Now we all realize that humanizing a candidate often translates into more votes. There’s the folksy narrative of Harry Truman carrying his suitcases up to the attic in Independence, Missouri. And that charming home movie of JFK in the Oval Office with John-John and press secretary Pierre Salinger. John-John calls the president “poo-poo head.” Kennedy turns to Salinger and asks, “Did someone just call the president of the United States ‘poo-poo head’?” “Yes sir,” Salinger replies, “I believe he did.”

But this delightful interchange was recorded privately and released only after President Kennedy’s death. It thus became an even more cherished memento, showing JFK’s love for his son and his self-deprecating humor. But Michelle Obama’s comment in front of the world’s camera crews came across as just a little nonessential – what some image makers might call a “tooth grinder.”

This offbeat publicity probably isn’t bothering Mr. and Mrs. Obama the least bit. On the heels of the “stinky” episode comes word that Oprah Winfrey has not only given her unconditional endorsement of Barack Obama, but will also host a four-star fundraiser for him at her palatial estate in Santa Barbara on September 8. Some are speculating that the evening’s collection plates could add as much as $10 million to Obama’s war chest.

The Oprah bash will certainly hold the spotlight for a day or two, but then it’s back to such unresolved issues as Mitt Romney’s claim that Obama “has gone from Jane Fonda to Dr.
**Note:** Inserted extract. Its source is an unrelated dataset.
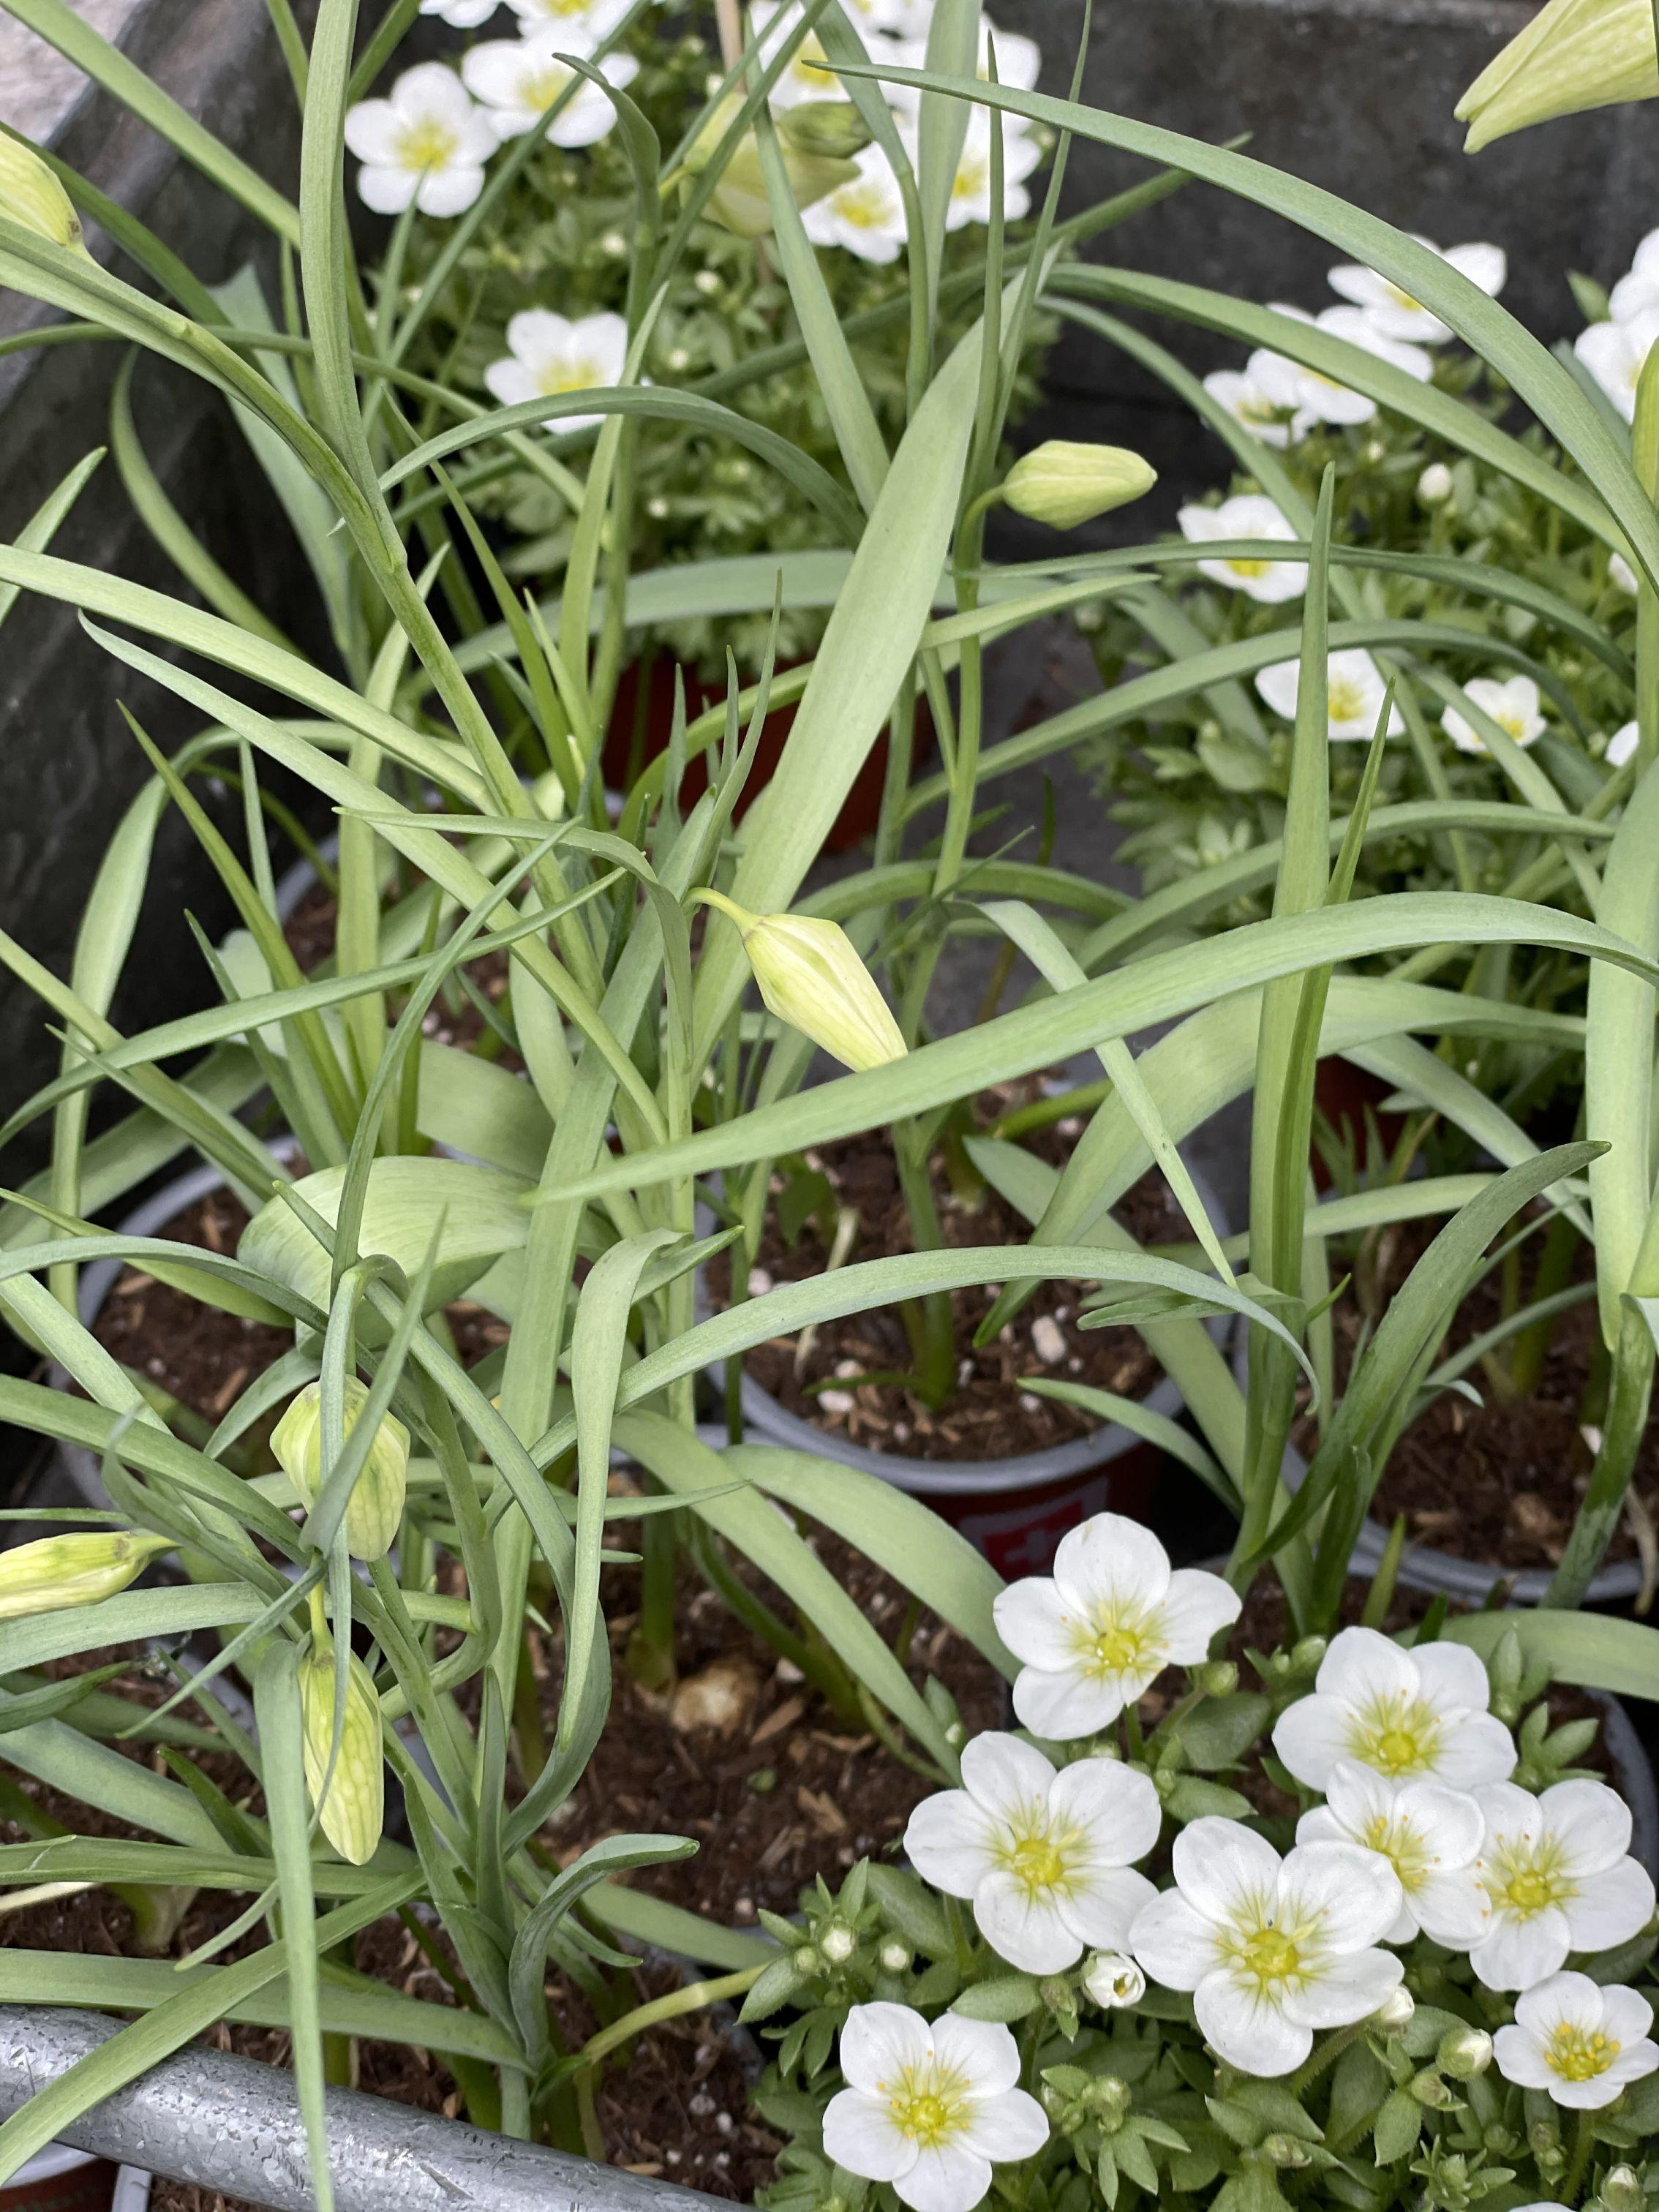 Fritillaria / Saxifraga

Strangelove in one week.” Romney was referring, in part, to Obama’s recent statement that “if we have actionable intelligence about terrorist targets in Pakistan, and the Pakistani president doesn’t act, we will.” Romney said that even if the best interests of America were threatened, and military action was the fitting response, “we don’t say those things…we keep our options quiet.”
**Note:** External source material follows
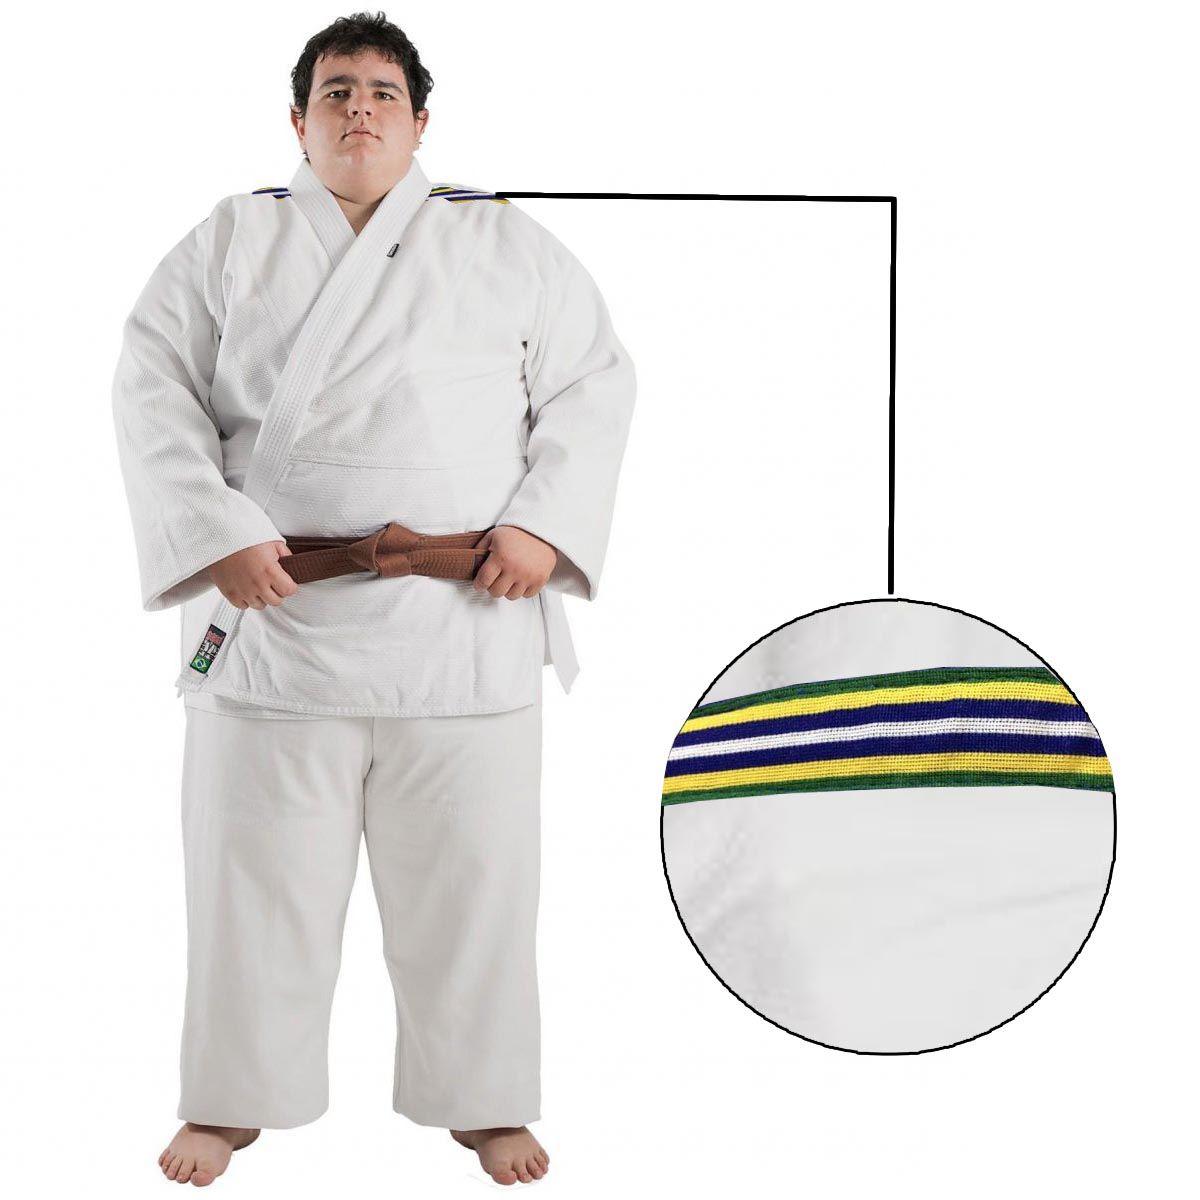 Kimono Judo - Trancado - Standart - Brazilian Colors - Shiroi - Branco -  - Loja do Competidor

The “Jane Fonda” reference Romney used was prompted by Obama’s statement to the Associated Press on August 2 that he would not use nuclear weapons against Al Qaeda “under any circumstances.” Hillary Clinton also thought this position was worthy of criticism, saying presidents since the Cold War have used nuclear weapons as deterrents to keep the peace, and that no president should make blanket statements about their use or nonuse.
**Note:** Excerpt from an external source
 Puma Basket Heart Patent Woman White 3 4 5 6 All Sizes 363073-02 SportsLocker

Obama’s handlers said all the fuss was due to sloppy reporting, and that Obama was talking about the nonuse of nuclear force in a specific situation. They say he did not announce that he would rule out using nuclear weapons in all situations. One situation in which tactical nuclear weapons would not be used, according to Obama spokesman Bill Burton, would be actionable intelligence that Osama bin Laden was alive, and that we knew his approximate whereabouts. “Senator Obama would act and is confident that conventional means would be sufficient to take the target down,” said Burton.

Meanwhile, Blake Zeff, a spokesman for the Clinton campaign, said, “As president, Senator Clinton would take whatever steps necessary to kill or capture Osama bin Laden and the Al Qaeda leadership. Senator Clinton believes that presidents should not brandish the nuclear option, nor should they forego that option.” Bottom line: two of the most likely Democratic candidates for the presidency might push the nuclear button if conditions were right.

Among those made nervous by the possibility of nuclear button pushing are the Germans. The highly regarded Frankfurter Allgemeine Zeitung newspaper editorialized:

Whoever takes Obama’s remark seriously will soon begin to start brooding, especially because Pakistan and its president are indispensable to wear down the terrorists. For sure, President Musharraf has made mistakes and various maneuverings, but to pull the domestic political rug out from under him would further deteriorate the situation. The world that is now looking forward to the end of President Bush’s administration will find out that – if a Democrat succeeds him – there are certain continuities across U.S. party lines.

These incidents illustrate how easy it is to alarm and anger friends and foes alike with impulsive speeches and off-the-cuff remarks. Obama’s campaign advisers need to adopt the old “360-degree approach” – walking completely around and evaluating talking points, position papers, and policy statements. While taking the high ground in the national security debate, the response by the German media and those of other nations demonstrates how easy it is to be labeled militaristic and an opportunistic hard-liner.